A new study validates a method for controlled unrolling of 3D materials with a flat strip. Scientists at Rice University have discovered a first-of-its-kind material: a three-dimensional crystalline metal in which quantum correlations and the geometry of the crystal structure combine to impede the movement of electrons and lock them in place.

The finding is detailed in a published study. Natural Physics. The article also describes the theoretical design principle and experimental methodology that guided the research team to the material. This alloy, composed of one part copper, two parts vanadium, and four parts sulfur, has a three-dimensional pyrochlore lattice of corner-sharing tetrahedra.

Quantum entanglement and localization of electrons

“We are looking for materials that have potentially new states of matter or new exotic properties that have not yet been discovered,” said study co-author Ming I, an experimental physicist at Rice.

Quantum materials are a likely place to look, especially if they contain strong electronic interactions that lead to quantum entanglement. Entanglement causes electrons to behave strangely; This includes disrupting the movement of electrons to the point where they become locked in place.

“This quantum interference effect is similar to waves licking the surface of a pond and colliding head-on,” Yi said. “The collision creates a standing wave that does not move. In the case of geometrically distorted lattice materials, it is the electronic wave functions that interfere destructively.” “

The localization of electrons in metals and semimetals creates flat electron bands or flat bands. In recent years, physicists have discovered that the geometric arrangement of atoms in some two-dimensional crystals, such as Kagome lattices, can also form flat bands. New research provides empirical evidence for the effect in 3D material.

Advanced methods and unexpected findings

Using an experimental technique called angle-resolved photoemission spectroscopy, or ARPES, Yi and the study’s lead author, Jianwei Huang, a postdoctoral researcher in his lab, detailed the band structure of the copper-vanadium-sulfur material and found that it contained a flat band. is specific to many relationships

“It turns out that both types of physics are important in this material,” Yi said. “There was an element of geometric frustration, just as the theory predicted. A pleasant surprise was that there were also correlation effects that formed a flat band at the Fermi level, where it could play an active role in determining physical properties.”

In a solid, electrons occupy quantum states divided into regions. These electron bands can be thought of as rungs on a ladder, and electrostatic repulsion limits the number of electrons that can occupy each rung.

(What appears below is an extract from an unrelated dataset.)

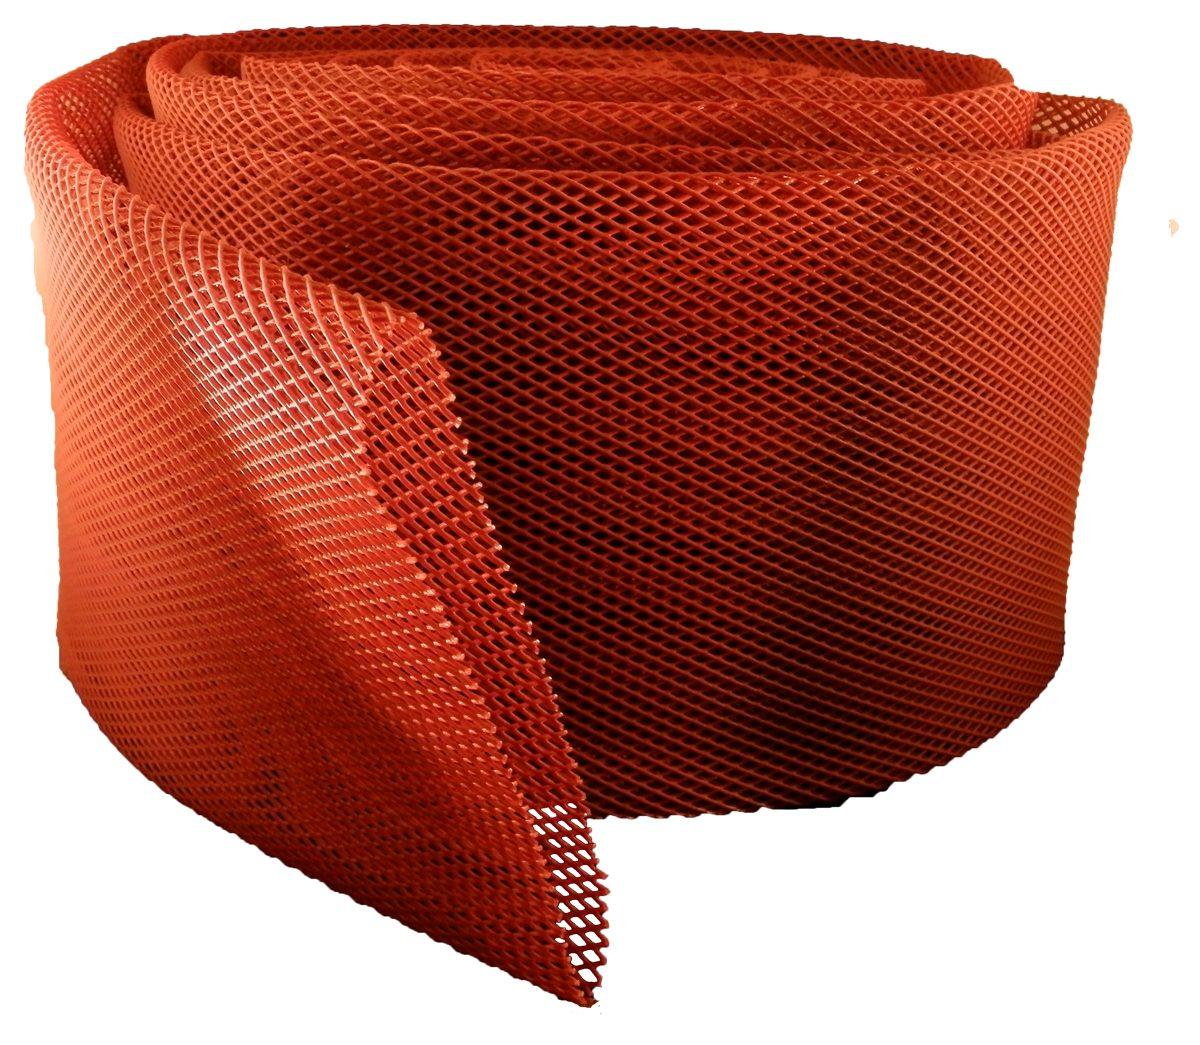 sleeve netting web
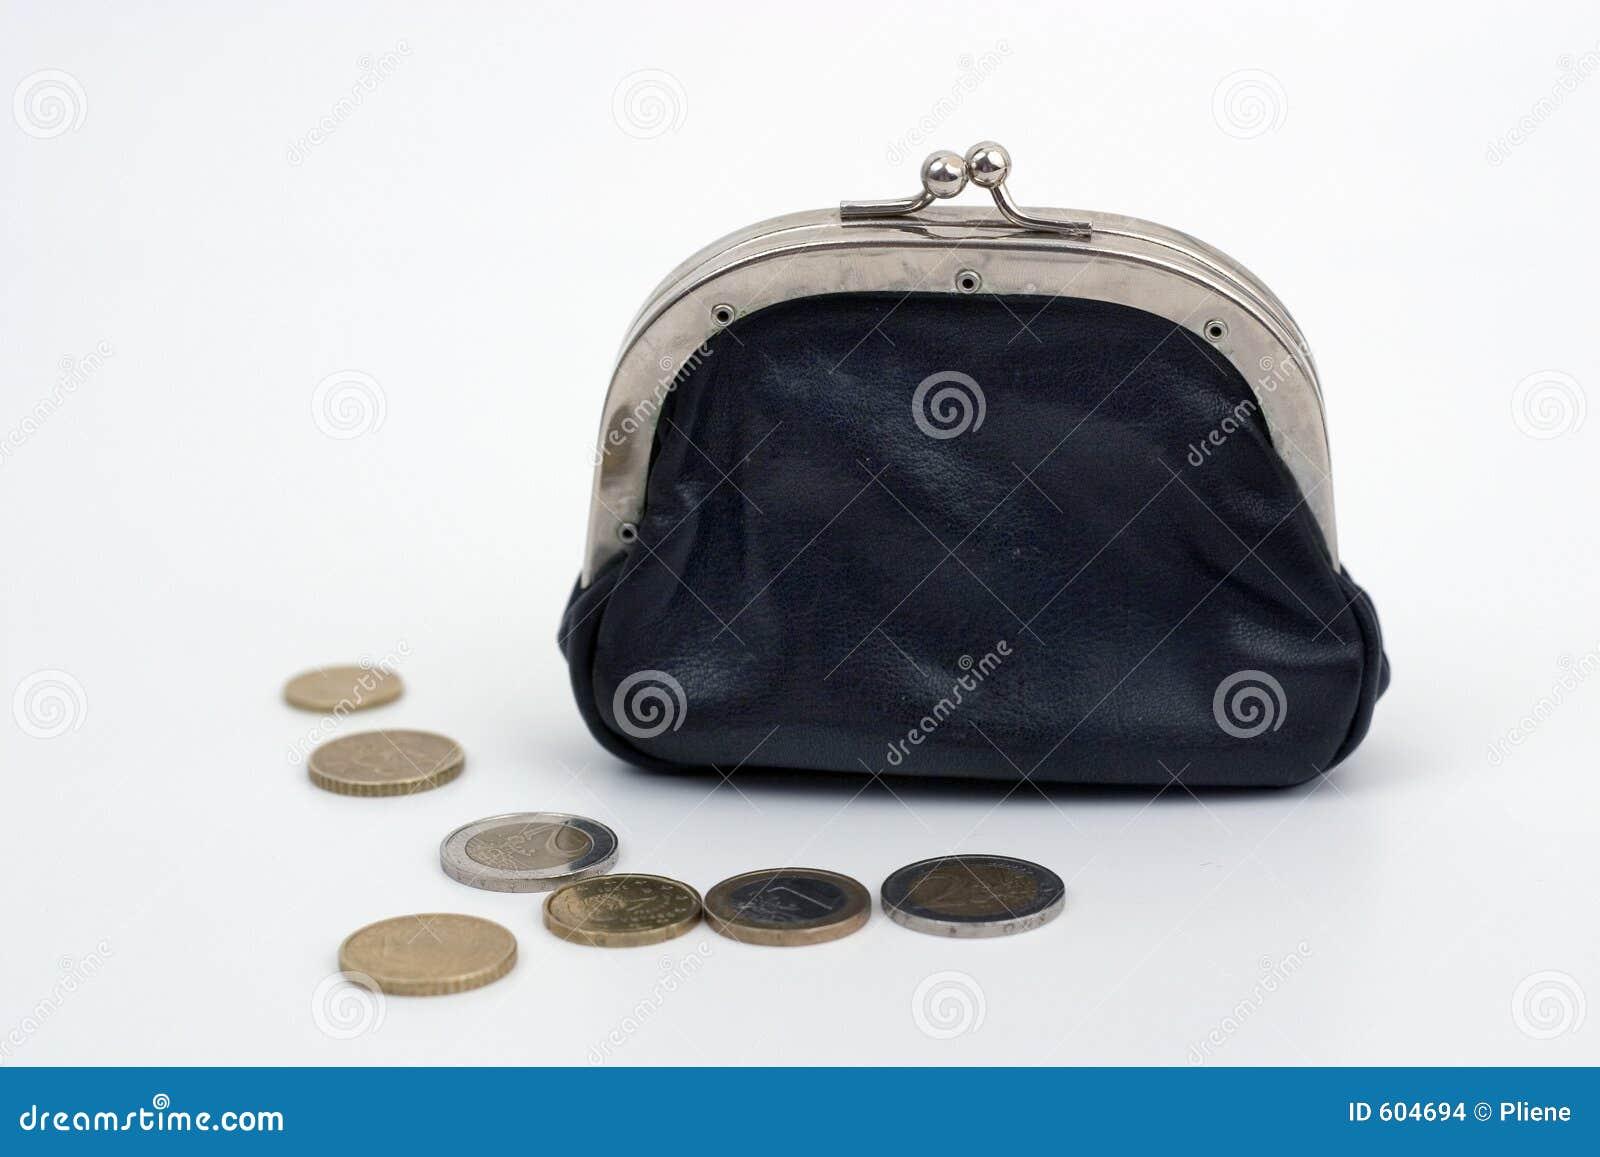 Portefeuille met Coins2

The Fermi level, which is a natural property of materials and is very important for determining band structures, refers to the energy level of the highest position occupied on the ladder.

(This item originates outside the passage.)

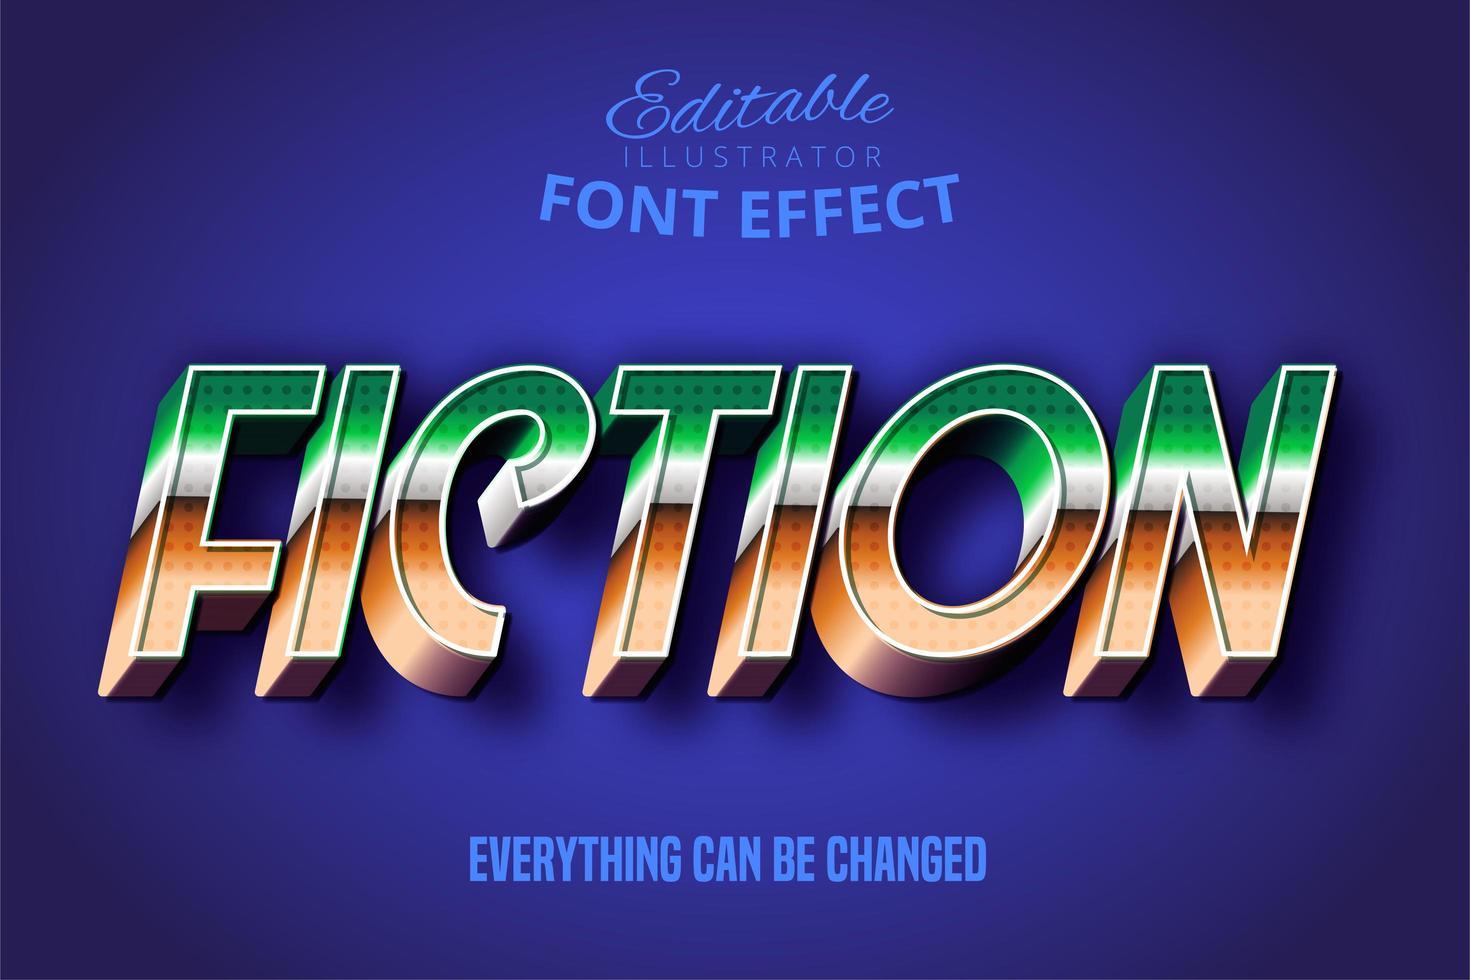 djärvt skript retro textstilseffekt vektor

Theoretical ideas and future directions

Rice, a theoretical physicist, and study co-author Zimiao Xie, whose research team identified the copper-vanadium alloy and its pyrochlore crystal structure as a possible host for the combined effects of geometry blocking and strong electron interaction, likened the discovery to a discovery of the copper-vanadium alloy. new continent.

“This is the first study to really show not only this cooperation between geometric and interaction-induced frustration, but also the next stage, where electrons are in the same space at the top of the (energy) ladder, with the maximum chance of them reorganizing into interesting and potentially functional new stages.” Xi said.

He said the prediction methodology, or design principle, that the research group used in the study could also be useful for theorists working on quantum materials with other crystal lattice structures.

“Pyrochlor isn’t the only game in town,” See said. “This is a new design principle that allows theorists to predictably describe materials in which flat bands arise due to strong electron correlation.”

There’s also plenty of room for further experimental research on pyrochlore crystals, Yee said.

“This is just the tip of the iceberg,” he said. “What’s new is 3D, and given how many amazing discoveries have been made on Kagome’s lattices, I predict that the same, or even more exciting, discoveries can be made in pyrochlore materials.”